1. Run the Alembic Migration

The migration will:

  • Back up the current location_history table
  • Create the materialized view
  • Set up triggers and functions for automatic refreshing
# Navigate to your project directory
cd /path/to/tracker-graphql-2

# Run the migration
alembic upgrade head

2. Install the Refresher Service

The refresher service listens for PostgreSQL notifications and refreshes the materialized view when needed.
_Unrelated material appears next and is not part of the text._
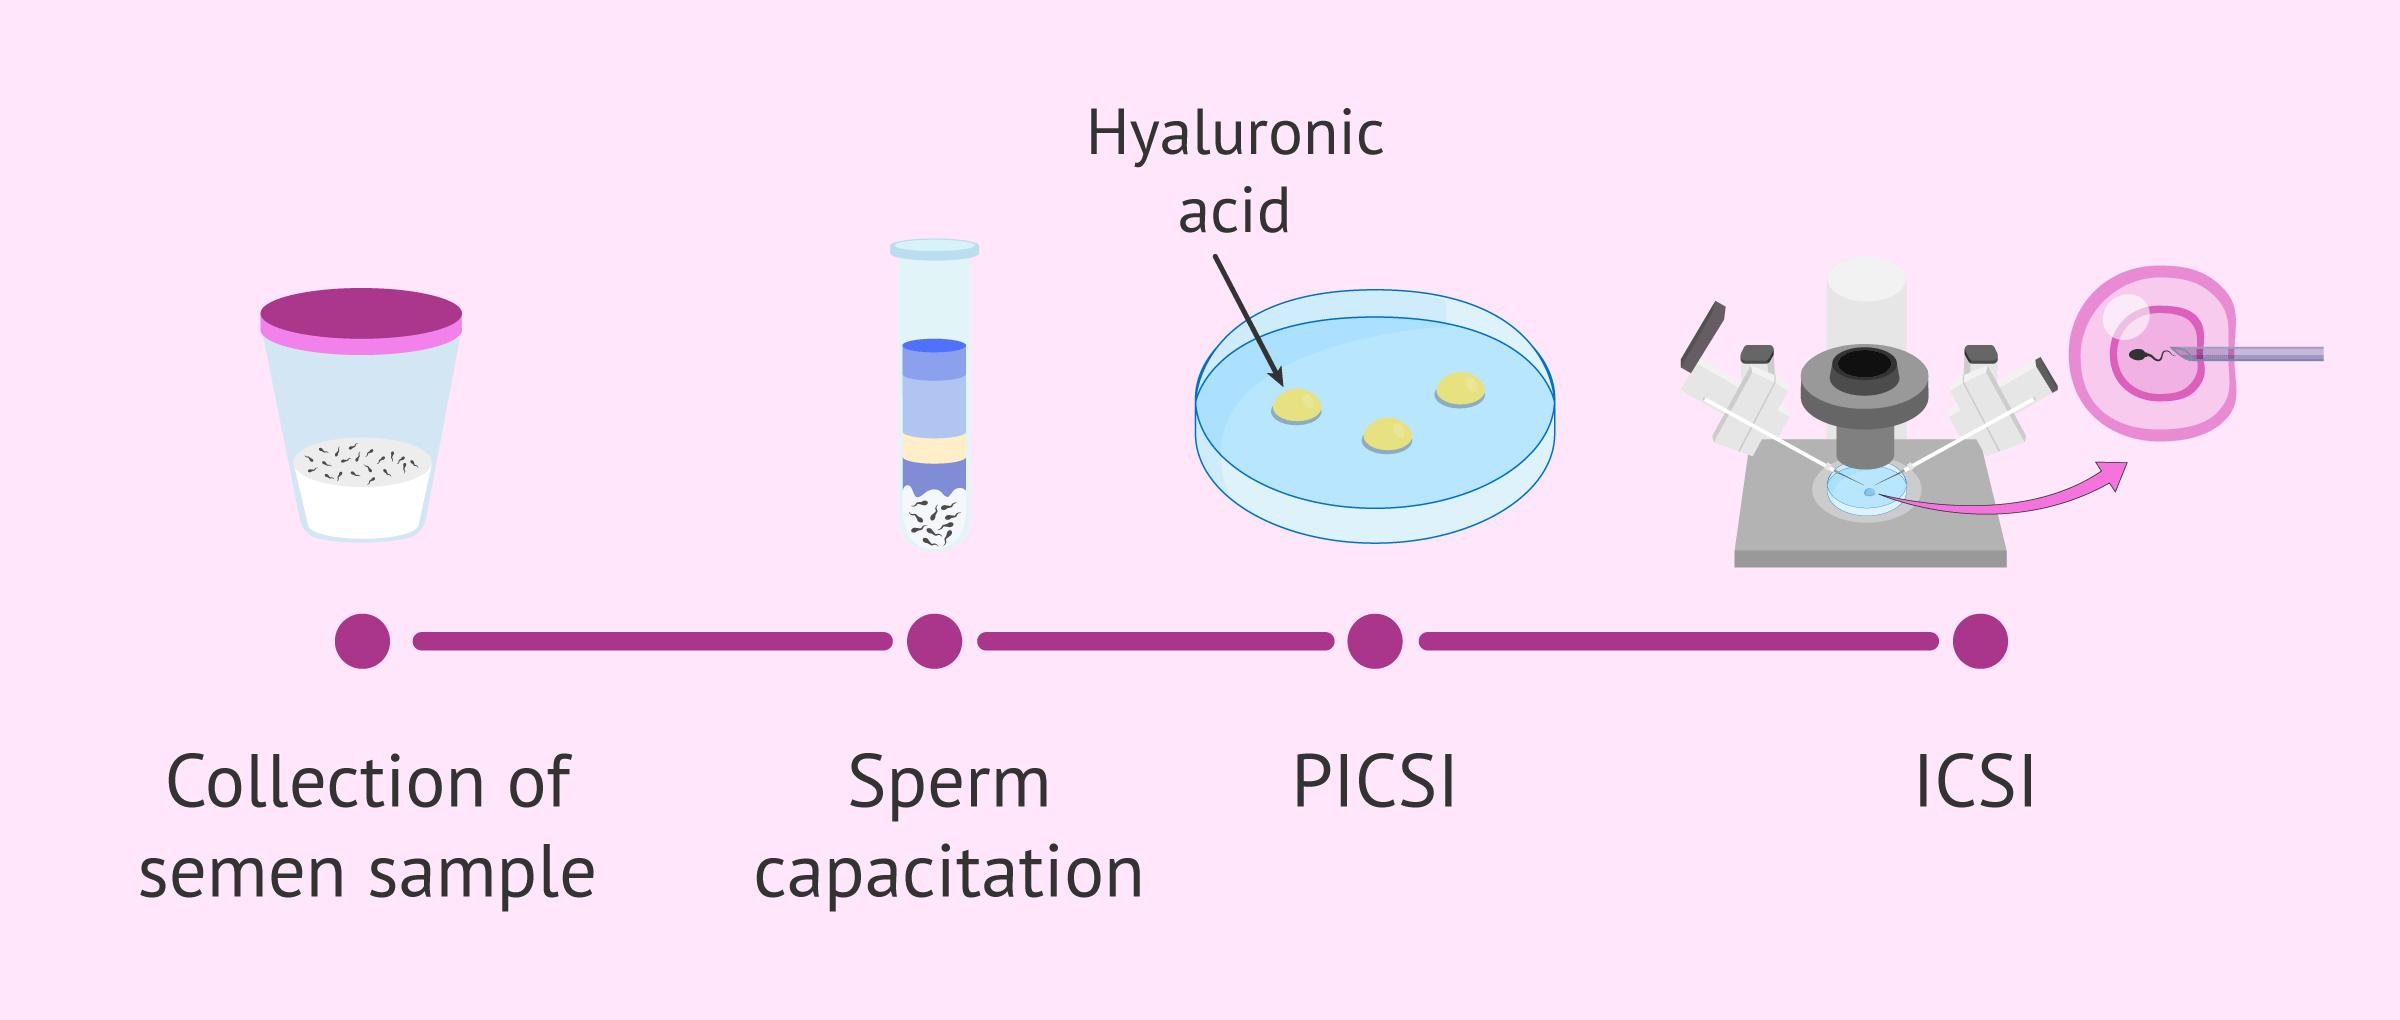 Procedure of PICSI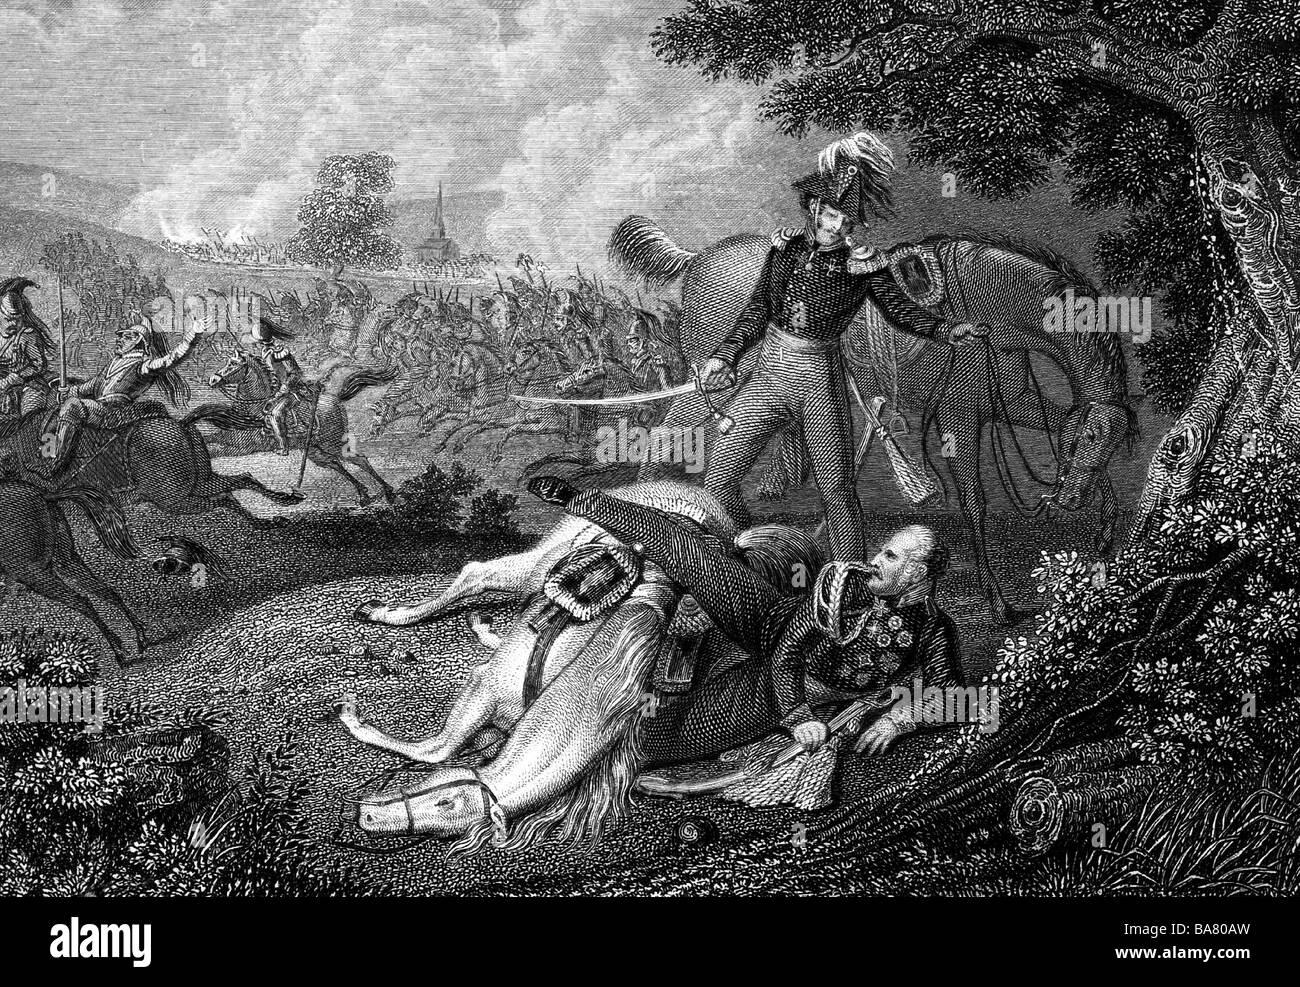 Blücher, Gebhard Leberecht von, 16.12.1742 -  12.9.1819, Prussian general, full length, dropped in battle near - Stock Image

It also periodically refreshes the continuous aggregates.

Using Systemd

# Make the script executable
chmod +x app/src/location_history_refresher.py

# Copy the systemd service file to the systemd directory
sudo cp systemd/location-history-refresher.service /etc/systemd/system/

# Reload systemd to recognize the new service
sudo systemctl daemon-reload

# Enable and start the service
sudo systemctl enable location-history-refresher
sudo systemctl start location-history-refresher

Using Docker Compose

The service can also be run using Docker Compose:

# Navigate to the fetcher directory
cd fetcher

# Start the services
docker-compose up -d

This will start both the location-history-refresher and tracker-report-fetcher services.

Troubleshooting

Service Won't Start

Check the logs:

journalctl -u location-history-refresher -f

Common issues:

  • Python path incorrect in the service file
  • Database connection issues
  • Permission problems

View Not Refreshing

Notification Issues

Check that the notifications are being sent:

-- In PostgreSQL
SELECT pg_notify('refresh_location_history', 'test');

Then check the service logs to see if it received the notification:

journalctl -u location-history-refresher -f

Continuous Aggregate Issues

If the continuous aggregates aren't being refreshed:

  1. Check if Redis is running and accessible:

    redis-cli ping
  2. Check the Redis keys related to the refresh lock:

    redis-cli keys "location_history:*"
  3. Manually refresh the continuous aggregates:

    -- In PostgreSQL
    CALL refresh_continuous_aggregate('location_history_hourly', NOW() - INTERVAL '48 hours', NOW());
    CALL refresh_continuous_aggregate('location_history_daily', NOW() - INTERVAL '7 days', NOW());

Manual Testing

To manually test the system:

Individual Record Testing

  1. Insert a new record into location_reports
  2. Refresh the continuous aggregates
  3. Check if the materialized view was automatically refreshed
-- Insert test data
INSERT INTO location_reports (hashed_adv_key, timestamp, location, confidence)
VALUES ('test_key', NOW(), ST_SetSRID(ST_MakePoint(-0.1278, 51.5074), 4326), 100);

-- Manually refresh the continuous aggregates
CALL refresh_continuous_aggregate('location_history_hourly', NOW() - INTERVAL '1 hour', NOW() + INTERVAL '1 hour');

-- Check if the data appears in the materialized view
SELECT * FROM location_history ORDER BY timestamp DESC LIMIT 10;

Bulk Testing with Mock Data

For more comprehensive testing with mock data, use the provided script:

-- Run the mock data script for European cities
\i sql/mock_location_reports_europe.sql

-- After a short delay, verify that the data appears in location_history
SELECT
t.name as tracker_name,
lh.timestamp,
ST_X(lh.location::geometry) as longitude,
ST_Y(lh.location::geometry) as latitude,
lh.nearest_city
FROM location_history lh
JOIN trackers t ON t.id = lh.tracker_id
ORDER BY lh.timestamp DESC
LIMIT 5;

This script:

  1. Finds trackers without location history
  2. Assigns random European city locations to these trackers
  3. Inserts the data into location_reports
  4. Lets the TimescaleDB continuous aggregates and triggers populate location_history

For more details on mock data generation, see the Mock Location Data guide.